On May 5, 2021, the U.S. District Court for the District of Columbia determined the Centers for Disease Control and Prevention (CDC) did not have legal authority to impose the national eviction moratorium. Accordingly, the CDC Order prohibiting residential evictions nationwide was ordered vacated.

On March 13, 2020, then-President Trump declared a national emergency for COVID-19. Two weeks later, the Coronavirus Aid, Relief, and Economic Security Act (CARES Act) was signed and included a 120-day eviction moratorium for rental properties subject to federally backed loan or federal assistance programs. On Aug. 8, 2020, President Trump issued an executive order directing the Secretary of the Department of Human and Health Services (HHS) and the Director of the CDC to determine if "temporarily halting residential eviction of any tenants for failure to pay rent are reasonably necessary to prevent the further spread of COVID-19".

On Sept. 4, 2020, the CDC issued an Order (CDC Order) stating that residential evictions must temporarily stop to prevent the further spread of COVID-19. This CDC Order prohibited evictions of individuals who had provided their landlord a declaration stating they:

  1. "used best efforts to obtain all available government assistance for rent or housing";
  2. expect to earn less than $99,000 in annual income in 2020, were not required to report any income in 2019 or receive a stimulus check under the CARES Act;
  3. are unable to pay full rent because loss of income, house of work or wages, layoff or extraordinary out-of-pocket medical bills;
  4. are using their "best efforts to make timely partial payments"; and
  5. believe an eviction would likely result in homelessness or shared living.

This CDC Order was more expansive than the CARES Act because it included all residential properties nationwide and was set to expire Dec. 31, 2020. Additionally, any landlord who attempted to evict a protected individual was subject to criminal penalties including jail time and/or monetary fines. The CDC Order has been extended three times and currently expires June 30, 2021.

Shortly after the CDC Order was issued, real estate management companies brought a lawsuit against the HHS alleging the CDC Order exceeds the CDC's authority and raised other statutory and constitutional issues.

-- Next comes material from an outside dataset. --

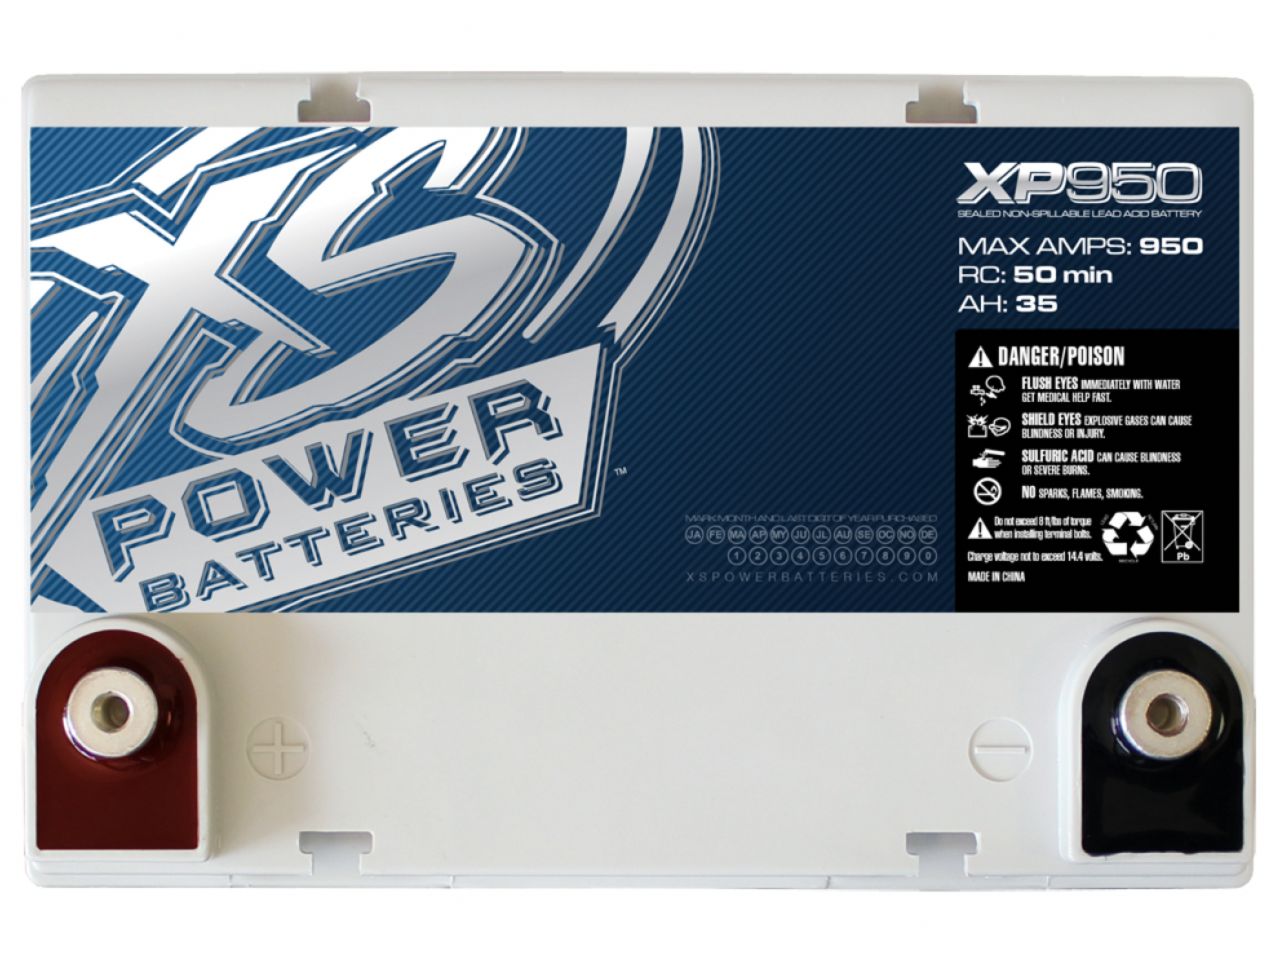 XS Power 12V AGM Battery, Max Amps 950A, Ah: 35, RC: 50, 950W

In determining that the CDC had no authority to impose a national eviction moratorium, the Court analyzed the CDC's statutory authority, specifically Section 361 of the Public Health Services Act, 42 U.S.C. § 264(a). Section 361 authorizes the Secretary of HHS to make and enforce regulations, in his judgment, that are necessary to prevent introduction, transmission or spread communicable diseases. The Secretary of HHS delegated this authority to the Director of the CDC. When the Director of the CDC determines measures taken by health authorities are insufficient to prevent the spread of communicable disease, "he/she may take such measures to prevent such spread of the diseases as he/she deems reasonably necessary, including inspection, fumigation, disinfection, sanitation, pest extermination, and destruction of animals or articles believed to be sources of infection."

The Court determined that the CDC Order and "any regulations enacted pursuant to § 264(a) must be directed toward "specific targets 'found' to be sources of infection." While the HHS argued this authorizes the Secretary of HHS to "'make and enforce' any regulations that, 'in his judgment are necessary to prevent the spread of disease'" the court determined the HHS's interpretation was overly broad. The Court stated, "[t]he Public Health Service Act authorizes the [CDC] to combat the spread of disease through a range of measures, but these measures plainly do not encompass the nationwide eviction moratorium set forth in the CDC [O]rder."

Accordingly, the Court set aside the CDC Order and the real estate management companies were granted expedited summary judgment on their claims. While the HHS has appealed this decision and as the nation awaits the CDC's deadline of June 30, 2021, this case and others across the country continue to define, and redefine, landlord-tenant remedies in the wake of COVID-19.